– Да нет, это я вчера вечером…
– А когда лодка уже отплыла, я выбежала помахать рукой, но вас уже не было видно. – Он наматывает прядь ее волос себе на палец. – Просто… – продолжает она, – Долли Маккивер была моей лучшей школьной подругой, и когда она собралась переезжать сюда из Колорадо, я так мечтала об этом, о том… что мне будет с кем поболтать.
– Я знаю, милая, прости. Нужно было сразу рассказать тебе об этом договоре с «Ваконда Пасифик». Даже не понимаю, почему я этого не сделал. – Он берет ее за руку. – Пойдем в дом, устроим какой-нибудь ужин… – Но по дороге к дому добавляет: – Ты же можешь болтать с Джэн. Почему у тебя не ладится с крошкой Джэнни?
Вив грустно улыбается:
– Старушка Джэнни действительно очень милая, Хэнк, но ты сам когда-нибудь пытался поговорить с ней? Ну, о какой-нибудь ерунде – о фильме, который ты видел, или книжке, которую прочитал.
Хэнк останавливается:
– Постой. Знаешь?..
(Эта мысль приходит мне в голову, потому что я вижу, какая Вив грустная. «Господи, – говорю я себе, – да вот же ответ на обе загвоздки! Господи!»)

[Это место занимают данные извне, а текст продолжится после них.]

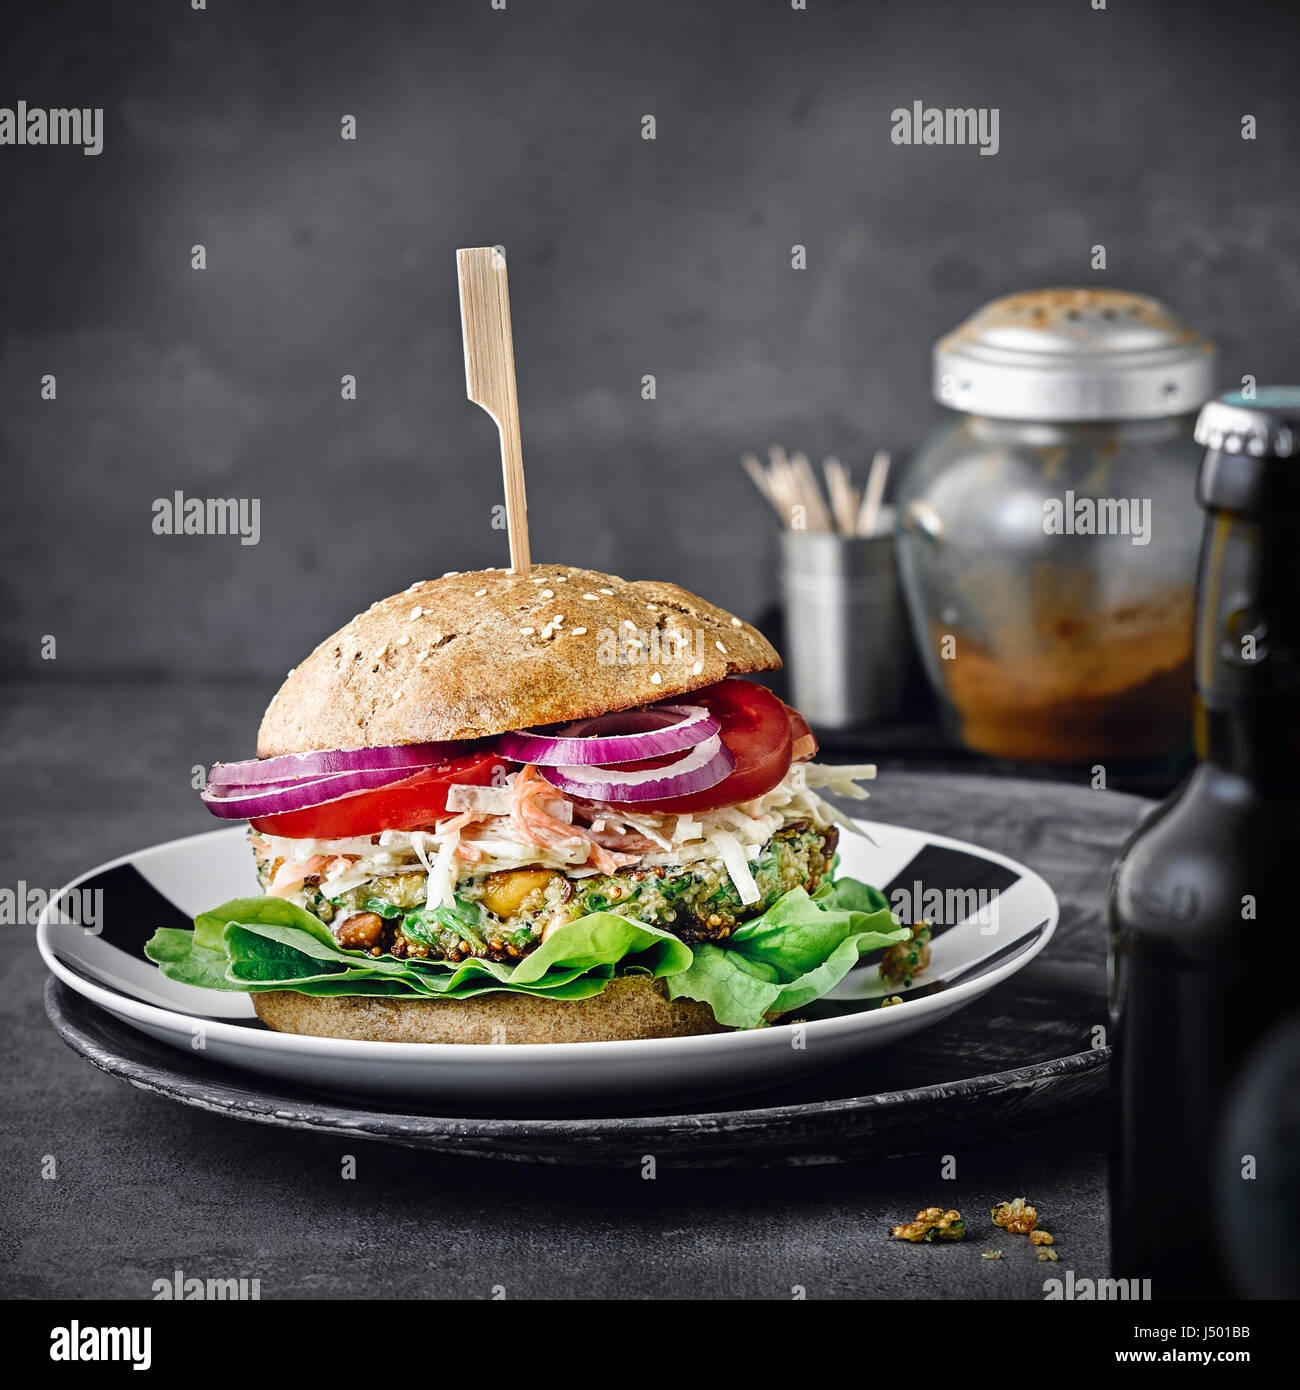 Burger with quinoa and broccoli Stock Photo

– Послушай, я кое-что придумал: мне кажется, я знаю кое-кого, с кем ты сможешь болтать до посинения, с ним ты наверняка найдешь общий язык…
(«Иначе я просто свихнусь, играя в дипломатические игры с этими двумя чувствительными, – говорю я себе, – пусть лучше они развлекаются друг с другом».)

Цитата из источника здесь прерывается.